The Neuve Chapelle Memorial in France remembers 4,700 Indian soldiers and labourers that died on the Western Front and have no known graves. The memorial is in the style of early Indian shrines – a sanctuary enclosed within a circular wall. There’s a 15 foot high column, with carved tigers on either side to guard the temple.
There’s also a memorial in India. It’s called the Delhi Memorial – or India Gate – and commemorates all Indian soldiers who died in the First World War.
The Commission also has burial sites for those from other countries who didn’t fight but who contributed to the war in other very important ways.
As well as soldiers fighting on the front line, others from the Empire helped keep them stocked up with supplies – you know food, clean clothes, ammunition – you name it! But as more and more soldiers were killed, soldiers who worked on the supply lines were sent to the front line.

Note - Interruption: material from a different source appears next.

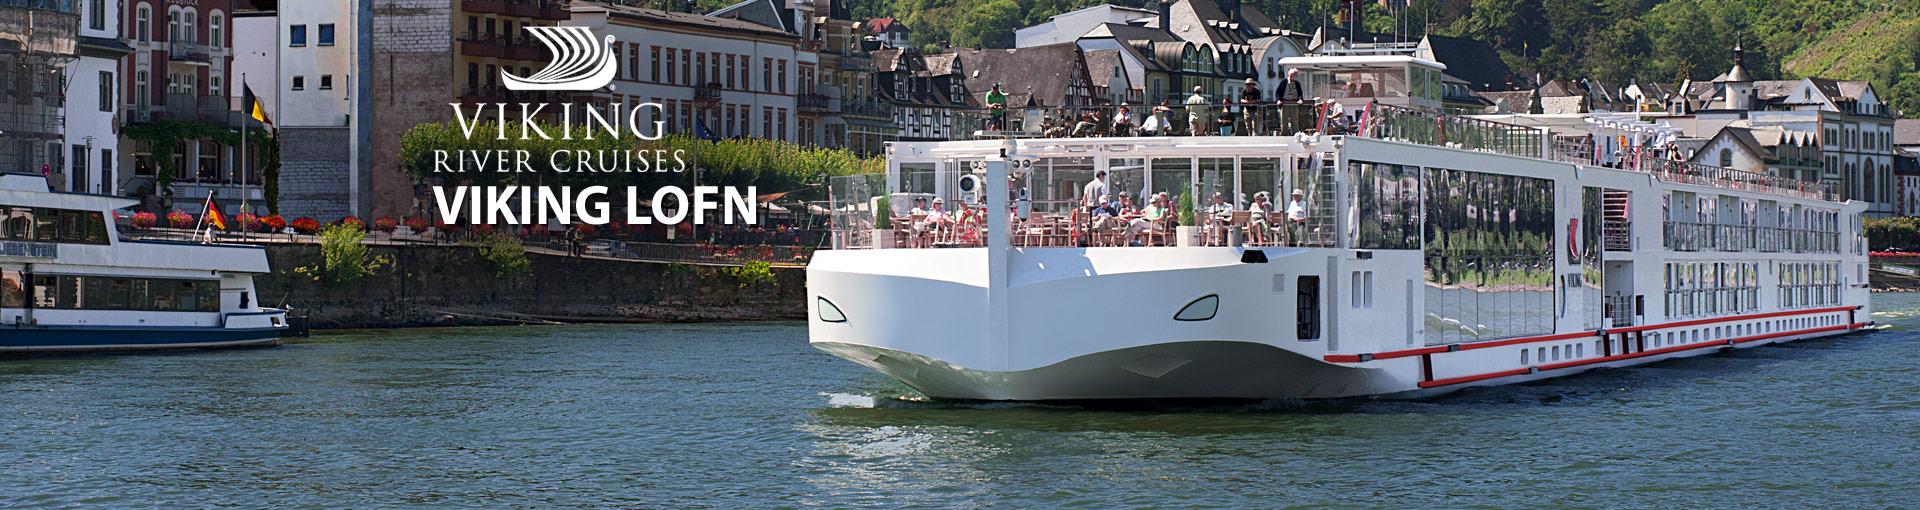 Viking River Viking Lofn river cruise ship

So to make sure that supplies kept coming, the Britain Government recruited a labour force from other countries to help out.
The Chinese sent over 140,000 labourers to help in France and Belgium. They were known as the Chinese Labour Corps and were attached to the British Army.
They built camps, salvaged weapons and munitions from the battlefields, and carried out important repairs to roads, railways and airfields. Now whilst they weren’t here to fight, over 2,000 still died during the war.
Members of the Chinese Labour Corps are commemorated at the Noyelles-sur-Mer Chinese Cemetery at the estuary of the Somme, as well as in Plymouth, Liverpool and near Folkestone in Kent.
The Commonwealth War Graves Commission’s memorials and cemeteries remember all the servicemen and women from all the Commonwealth countries that fought with Britain.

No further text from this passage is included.